Читаем Пушкин полностью

Здесь уместно вспомнить слова Льва Толстого, чья реакция на полицейский обыск в Ясной Поляне в 1862 г. психологически напоминает негодование Пушкина. Л. Н. Толстой писал 7 августа 1862 г. своей тетке А. А. Толстой: «Я и прятаться не стану, я громко объявлю, что продаю именья, чтобы уехать из России, где нельзя знать минутой вперед, что меня, и сестру, и жену, и мать не скуют и не высекут, — я уеду»[149].

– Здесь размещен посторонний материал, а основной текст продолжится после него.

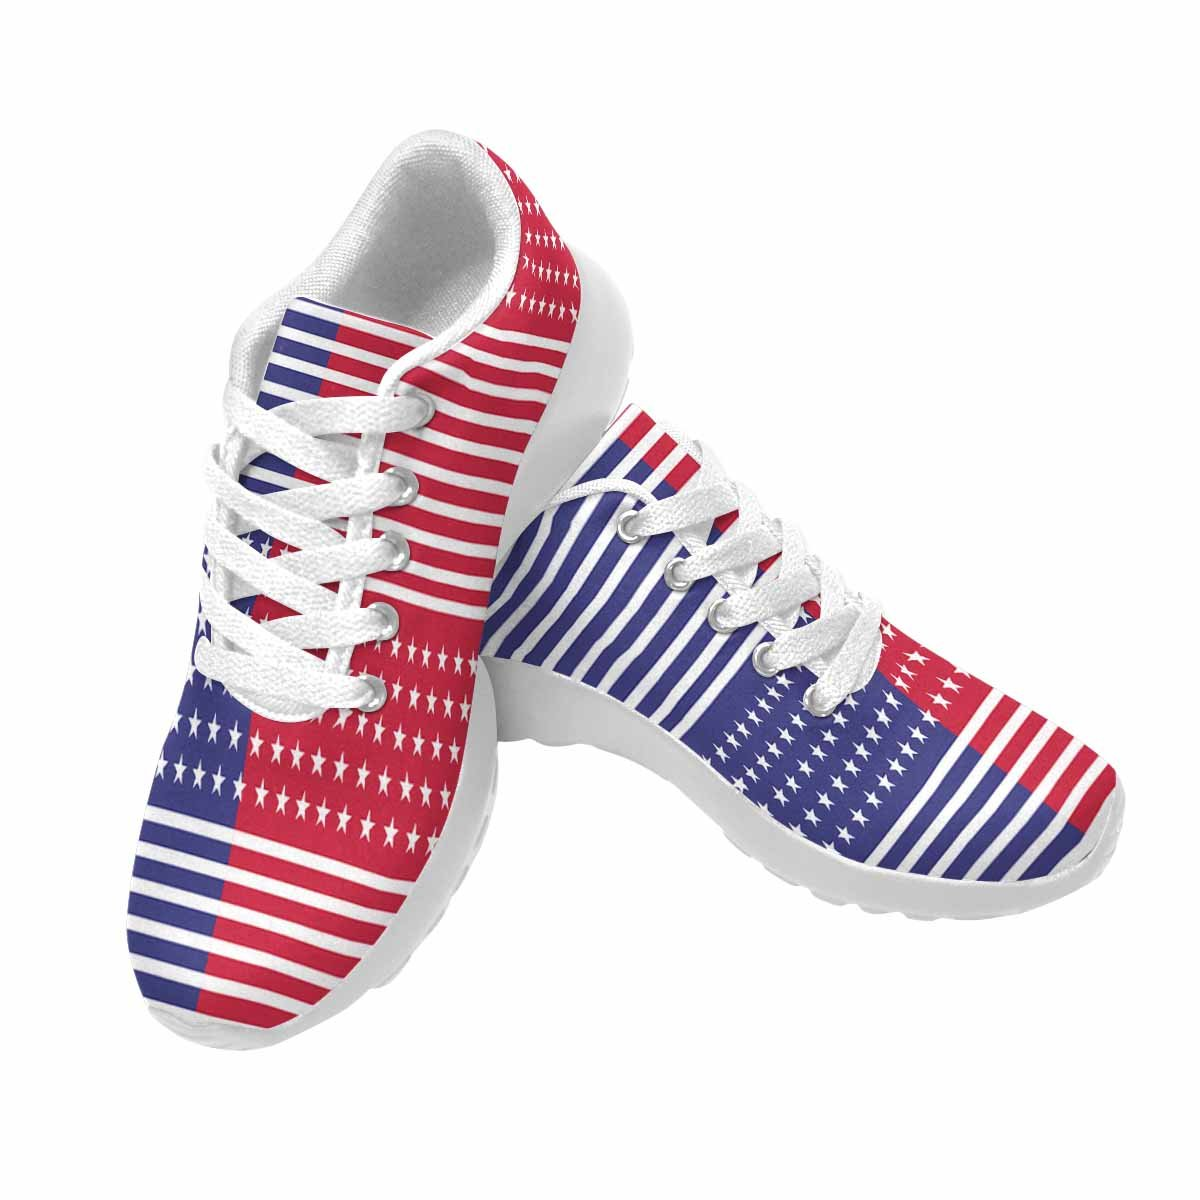 GordonKo Fashion Sneaker Unisex Lightweight Comfortable Walking Athletic Shoes for Kids

Совпадение позиций Толстого и Пушкина глубоко не случайно: именно у Толстого нашла свое продолжение пушкинская традиция культивирования святыни домашнего гнезда как основы «самостоянья человека».

Краеугольным камнем пушкинской программы была личная независимость. Но именно это в николаевском «свинском Петербурге» оказалось наименее достижимым. Препятствия все возрастали.

Николай I не хотел спускать глаз с Пушкина. То же советовал ему и Бенкендорф: «Лучше, чтобы он был на службе, нежели предоставлен самому себе»[150].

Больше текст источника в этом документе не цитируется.